From Strategy to Execution: The Realities of Cross-Border M&A
While strategy sets direction, execution determines outcome. Mr. Takuhei Madokoro of AGS Consulting shared practical insights on what truly drives success in cross-border M&A. Overseas acquisitions may begin with clear objectives, but complexity increases quickly once due diligence and integration planning begin.
He emphasized that due diligence should not focus only on historical financial performance, but also on future sustainability and how realistically the business can be integrated. This naturally leads to the importance of early PMI planning. Matters such as accounting standards alignment, tax structuring, internal controls, reporting timelines, and IT systems integration are far easier to manage when considered at the outset rather than after closing.
The takeaway was very clear. Signing the deal is only the starting point. Long-term value creation depends on preparation and disciplined execution before and after completion.
Fostering Stronger Regional Financial Connectivity

In addition to the main sessions, we also held an exclusive senior executive roundtable in collaboration with United Overseas Bank (UOB), represented by Mr. Chao Yong Sai.

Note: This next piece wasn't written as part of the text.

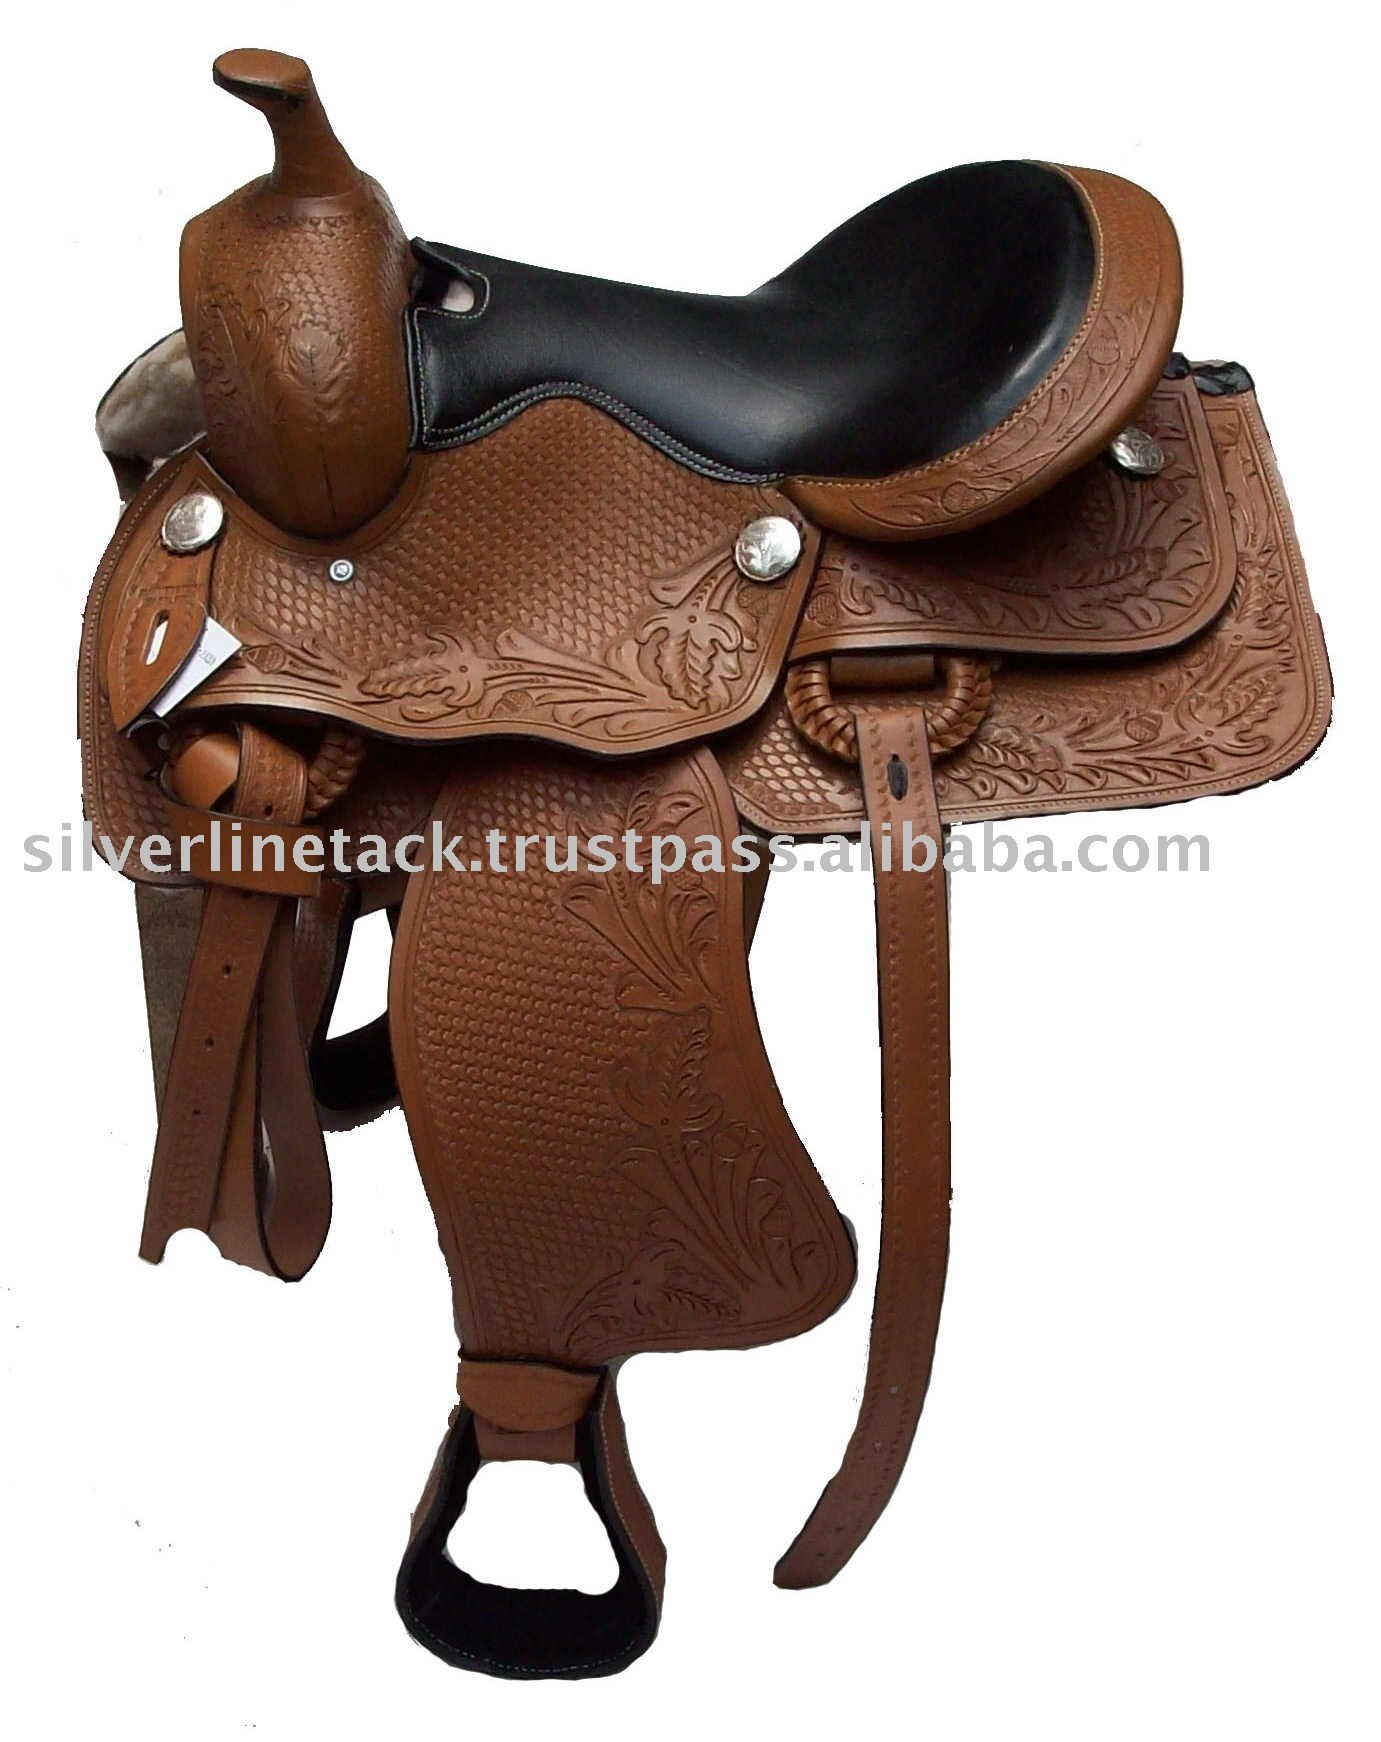 western saddles | Western Saddle, View western saddles ...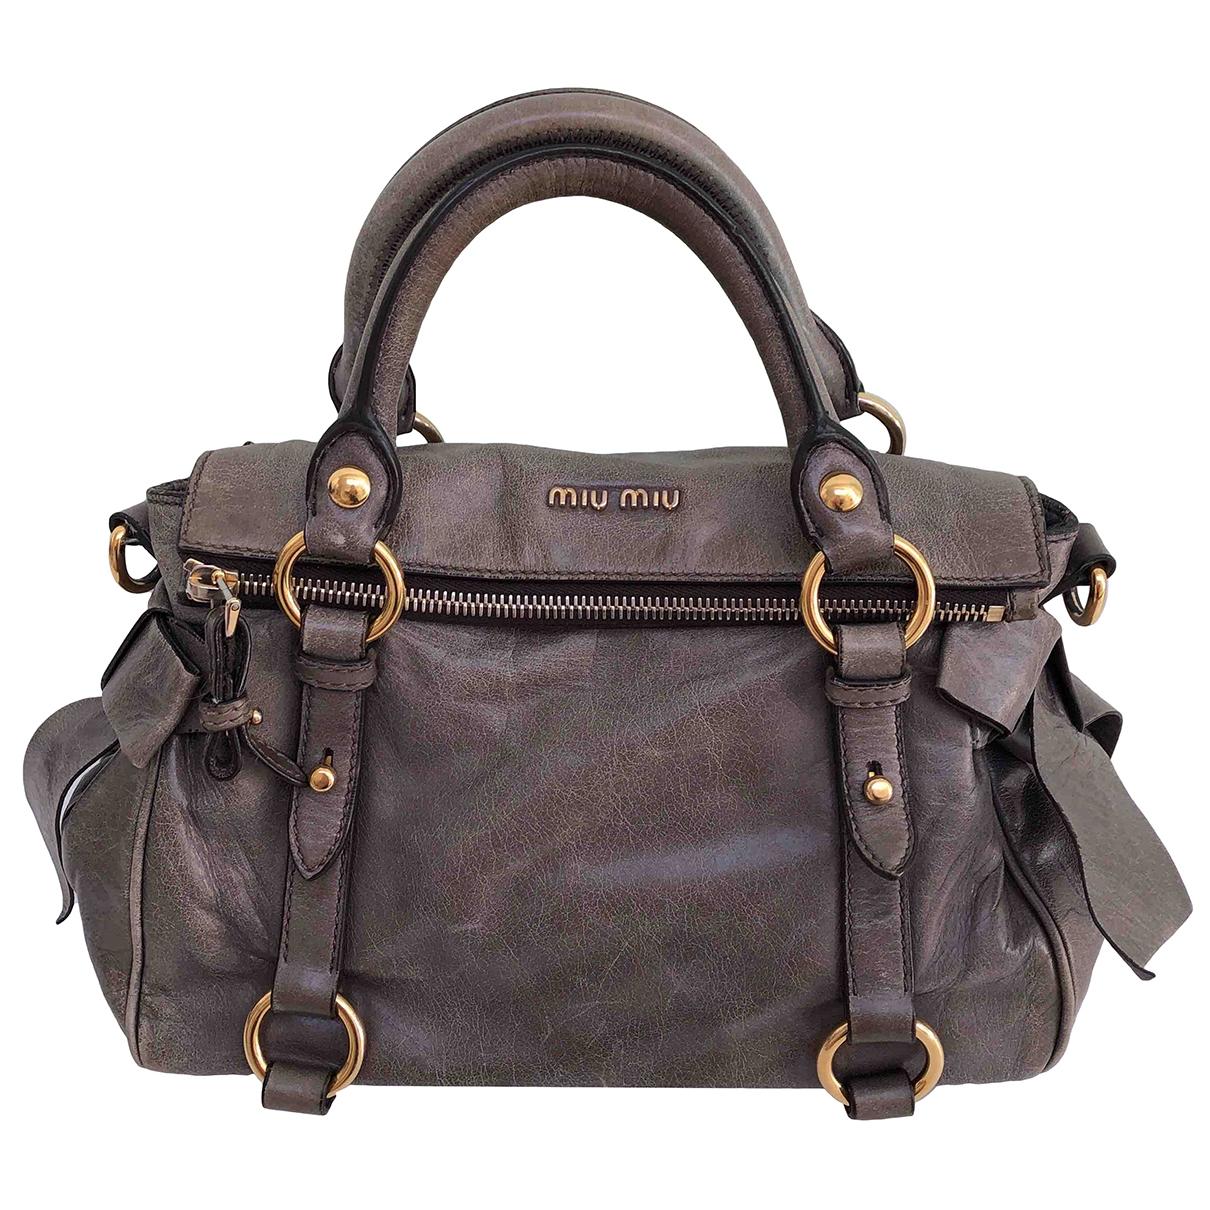 Miu Miu Bow bag Brown Leather handbag for Women \N

The discussion was both engaging and constructive, with participants were keen to better understand Singapore’s financial ecosystem – from banking structures and regulatory frameworks to how capital can be mobilised efficiently for cross-border transactions. There was also interest in exploring how Japanese regional banks can work more closely with financial institutions, like UOB, in Singapore to further strengthen sustainable cross-border flows and better support clients expanding into Southeast Asia.
A consistent theme throughout the conversation was that cross-border growth is not driven by companies alone. Financial institutions play a critical role in enabling and sustaining overseas expansion, and stronger interbank connectivity can further reinforce long-term cross-border activity.
Learning from a Japanese Acquirer’s Real Experience
To bring the discussions into perspective, we invited one of our Japanese clients to share their firsthand experience of acquiring a Singapore-based company. Their reflections offered practical insight into what Japanese buyers typically look for, including strong governance, reliable management, cultural alignment, and long-term strategic fit. They also spoke candidly about the challenges that can arise after closing, and how those challenges can turn into opportunities when approached with preparation, clear communication, and mutual understanding. Hearing directly from a company that has gone through the full cross-border acquisition process added valuable context to the day’s discussions and grounded the broader themes in real experience.
Strengthening the Foundation for the Next Decade – and Beyond

During the program, our General Manager, Mr. Shinichi Imai, also presented an overview of Nihon M&A Center Singapore’s key initiatives and ongoing projects, highlighting how our local team continues to strengthen cross-border execution capabilities and deepen regional partnerships across ASEAN.
Celebrating our 10th anniversary this year gives us a moment to reflect. A decade on the ground has reinforced one consistent belief – sustainable cross-border growth is not achieved through transactions alone. It requires ecosystem building, institutional trust, and long-term commitment.
As we look toward the next decade, we remain committed to strengthening Japan–ASEAN connectivity and supporting our clients in building enduring partnerships.
Because ultimately, cross-border M&A is not simply about entering a new market. It is about building relationships that last well beyond the deal itself.